Key Points:

Don't pay! That's my advice to Auckland City councillors if the latest pro-super city report is all they're getting for the $410,000 bill from consultants, PricewaterhouseCoopers et al. Anyone looking for a reasoned argument in favour of radical reform to put before the Royal Commission on Auckland Governance will be disappointed. Instead we get a rewrite of the "Return to Year One" revolutionary thoughts, certain captains of industry have long been clamouring for, accompanied by a mix of slogans and wishful thinking.

Where there is an attempt to justify something, the supporting material is at times so politically one-sided, or plain wrong, it further devalues the whole document.

For example, the authors use the waterfront stadium fiasco as a case for strong regional governance. Letting their prejudices hang out, the city bureaucrats complain that this "meritorious attempt" failed "because there was no single regional voice. In addition, the regional council's decisions were largely driven by its ownership interests rather than transport interests".

My memory is that we did have a regional voice on this occasion which thankfully said no thanks. And what's the dig on "ownership interests" about? Elsewhere, we're told the proposed reforms are needed to arrest declining public involvement in local decision making as evidenced by low turnout at the October 2007 elections. But turnout is declining all over the country, not just in the Auckland region.

Don't get me wrong. At a gut level I believe in the need for strengthened regional government, though not in the blitzkreig manner proposed by city hall. But before any major restructuring takes place, it does seems rather crucial to have the evidence to back the gut feeling. And there's nothing of this in the officers' report, just starry-eyed mantras.

"To address the region's issues and the vision to be an international city-region, a bold change to existing governance is required. Tinkering with current arrangements, as evidenced over the 19 years since the amalgamations, will not create the step change that the region and the country needs and deserves." Why not?

The one-city model proposed "has been developed through the integration of international best practice, local environment and experience and mechanisms to address the six key drivers necessary for success". Blah de blah. The key drivers referred too are yet another list of slogans about working together, thinking regional and so on and on. Rather scarily, in the small print, there's a hint that some hobby horses just can't be dispatched to the knacker's yard. In a chart describing "infrastructure delivery options" there's a reference to the "private sector" being involved in the delivery of water.

But getting back to the evidence. Or lack of it. Up until now, the case for regionalism has been more about faith than rational argument.

In limited areas, a convincing, evidence-based argument has been developed. Local arts and service organisations, for example, have made a persuasive case for a regional umbrella organisation to ensure equitable funding for organisations that serve the whole region.

Over the years, several expert studies have been prepared showing that amalgamating the water and wastewater services of the region into one integrated company would result in great savings. In 2002, a report commissioned by the region's councils calculated these savings at 20 per cent.

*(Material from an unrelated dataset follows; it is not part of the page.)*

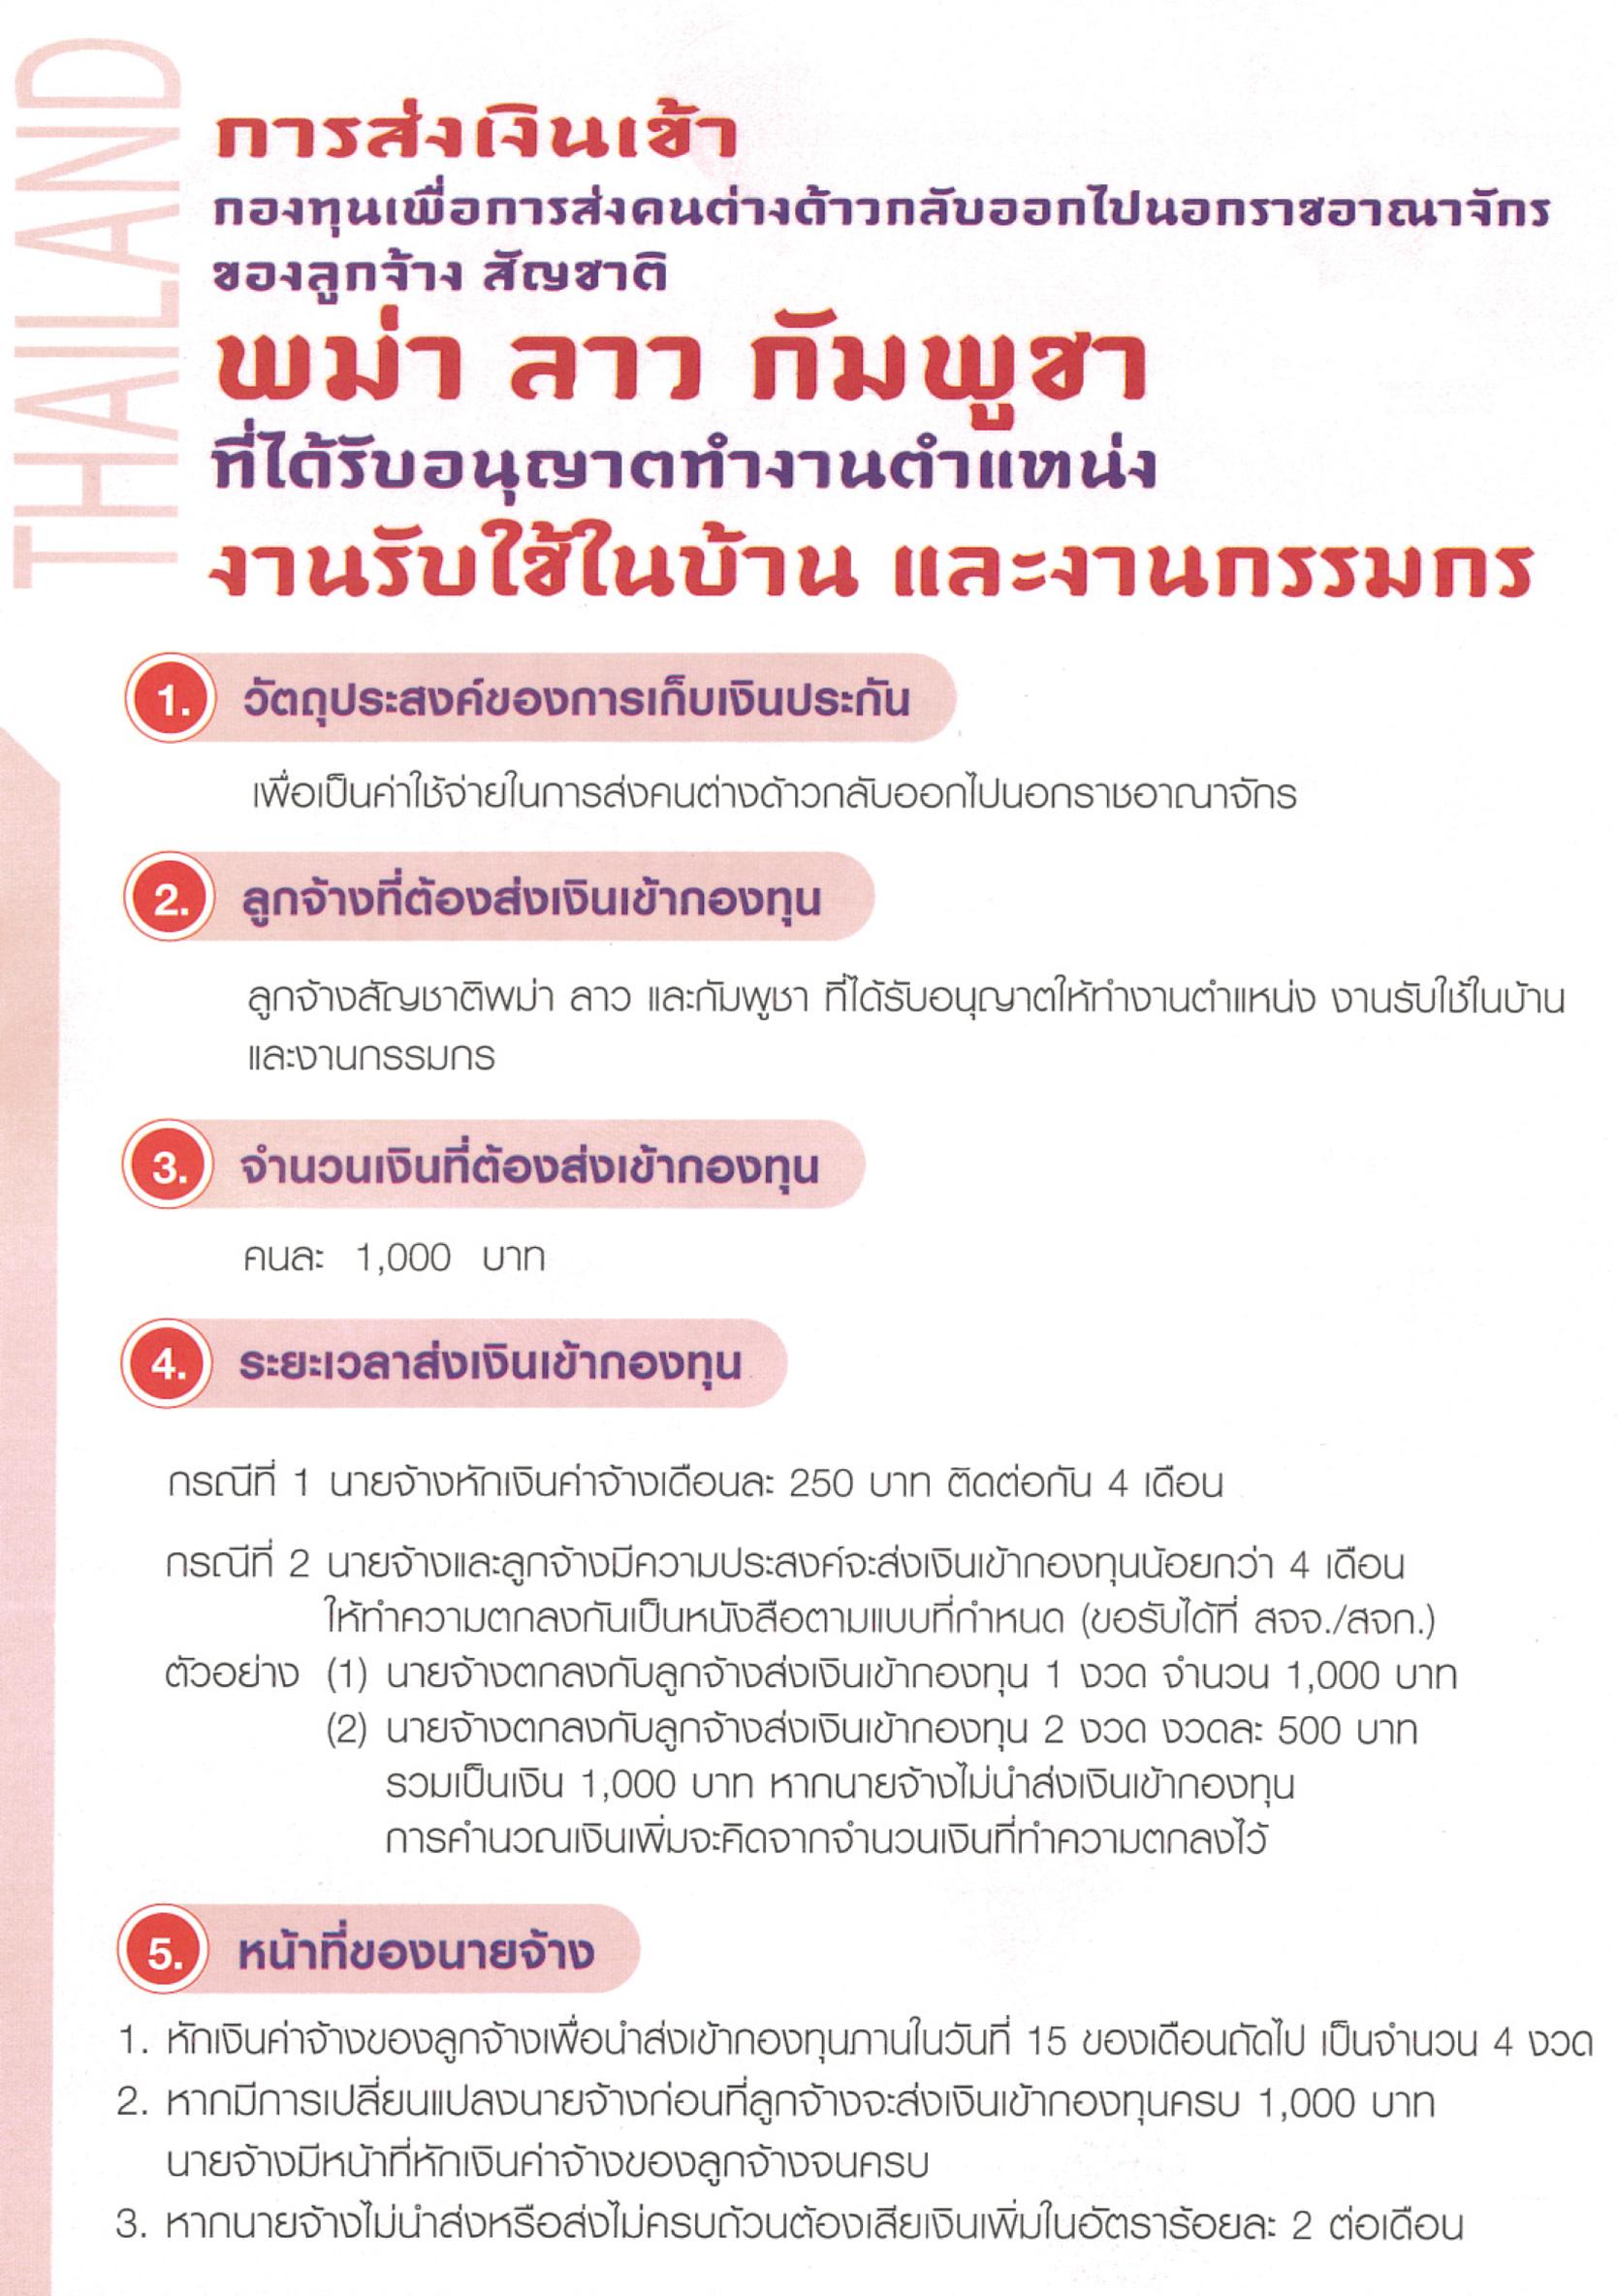 คู่มือการนำส่งเงินประกันค่าใช้จ่ายในการส่งคนต่างด้าวกลับฯ (ภาษาไทย)

But there's not a shred of evidence presented to back the super-city dream. The report authors seem blissfully unaware - or have chosen to ignore - the only scientific analysis of the 1989 round of Auckland local government amalgamations. That's when Auckland's 29 local councils were reduced to seven. The study by University of Auckland Business School's Paul Rouse and Martin Putterill was published in 2005.

Professor Rouse told me in August last year that in 1989 he "believed amalgamation was a good thing". But his research, 15 years later, shows otherwise. He now believes in the need for a regional council as at present but is "unconvinced about the merits and accountability of amalgamating the existing territorial local authorities into an even bigger authority".

Amazingly, this study was the first and apparently the only one that has come up with hard evidence about the 1989 revolution. The Auckland City report is not evidence based, it's just opinion, flossied-up with charts to look authoritative.

I have faith that the commissioners will see this report for what it is - the opinions of power-hungry senior bureaucrats. If they want the facts, they're going to have to do their own research.